Le grand rêve du projet suisse de canal du Rhône au Rhin

Association Développement 21
Format: A4, 84 pages, photos couleurs
Prix: CHF 35 + frais de port

A l’occasion de son centième anniversaire, l’Association vaudoise pour la navigation intérieure (AVNI), a sollicité notre association, via son projet Patrimoine au fil de l’eau d’Orbe, afin d’organiser l’exposition prévue pour cet événement. Bien que le canal du Rhône au Rhin a déjà fait l’objet d’une de nos études en 2004, l’opportunité de ce centenaire a fait germer l’idée d’accentuer nos recherches, notamment sur le canal d’Entreroches, et ainsi de créer plusieurs nouveaux fascicules sur ce sujet.

La brochure « Le grand rêve suisse de canal du Rhône au Rhin », est centrée principalement sur les 100 ans de l’AVNI et de son exposition dans nos locaux. D’autre part, après un bref historique sur les voies navigables en Suisse et dans le Monde de l’Antiquité à l’époque moderne, Notre brochure insère une étude réalisée par l’ingénieur hydraulique Patrick Karpinski en 2003-2004 sur une autre étude menée de 1952 à 1953 sous la direction de l’Association suisse pour la navigation du Rhône au Rhin, dont est issue l’AVNI, pour établir un plan d’aménagement des eaux, entre le lac Léman et le Rhin. Cette dernière fut retransmise en trois tomes: un rapport technique général, un recueil de planches technique et un rapport économique général. Karpinski a résumé cette étude en y apportant ses propres réflexions et considérations sur le projet ainsi proposé au milieu du XXe siècle. Il termine sa propre étude sur une considération de l’avenir du canal du Rhône au Rhin à l’aube du XXIe siècle.
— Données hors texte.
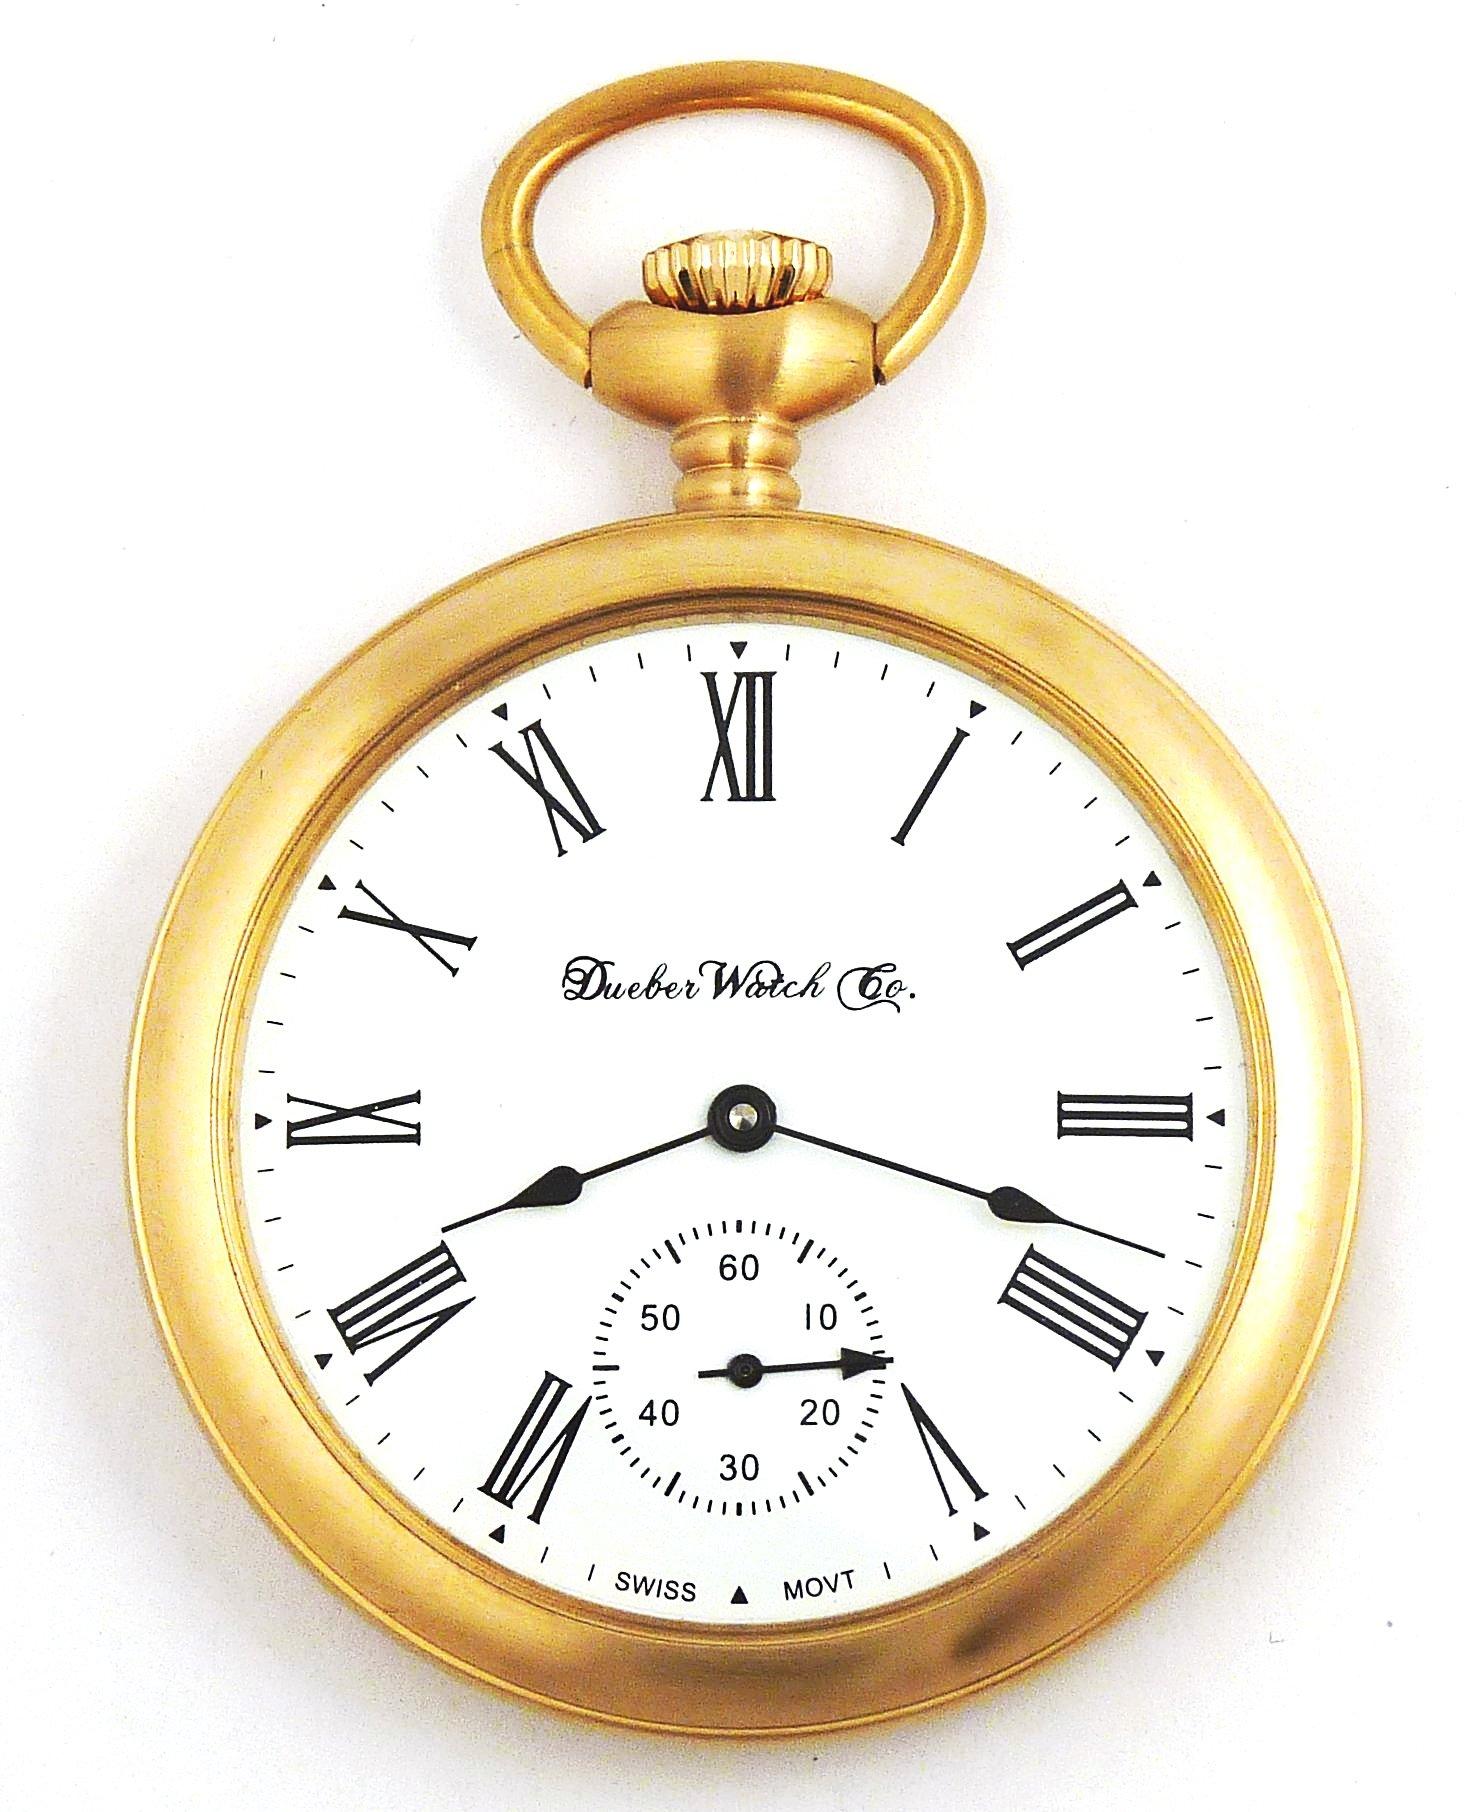 Dueber Swiss Mechanical Pocket Watch, Satin Gold Open Face Case, Assembled in USA!

La troisième partie de la brochure est consacrée aux différents entretiens entrepris chez des personnages ayant tous eu un lien avec les projets de cette voie fluviale. Voici ci-dessous quelques courts extraits de ces entrevues:

 

Capitaine au long cours, membre du comité de l’Association suisse pour la navigation du Rhône au Rhin (ASRR) depuis 1966, puis président de 1991 à 2003 de l’Association suisse pour la navigation intérieure (ASNAV), aujourd’hui son président d’honneur.

Pouvez-vous nous rappeler l’origine du projet de canal transhelvétique?

L’ASRR a été fondée en 1910 à Genève. Son premier travail fut d’élaborer un plan d’aménagement fluvial. Il prévoyait de relier la Mer du Nord à la Méditerranée grâce à une liaison du Rhône au Rhin à travers la Suisse. Le projet fut présenté à l’Exposition nationale de Berne en 1914. Le stand du «Rhône au Rhin» suscita un enthousiasme général. On y voyait un intérêt de prestige politique autant qu’un avantage économique. Aujourd’hui, la question n’est plus tout à fait la même, le problème de l’environnement prédomine, lié à un intérêt économique évident. Pourtant, l’aspect politique n’est pas négligeable, car cette liaison du Rhône au Rhin permettrait à la Suisse de participer à la construction économique européenne, sans mettre en cause le choix politique actuel. La Suisse participe déjà à la liaison européenne en construisant, à ses frais, des tunnels alpins qui coûtent au moins dix fois plus cher et ne lui rapportent rien…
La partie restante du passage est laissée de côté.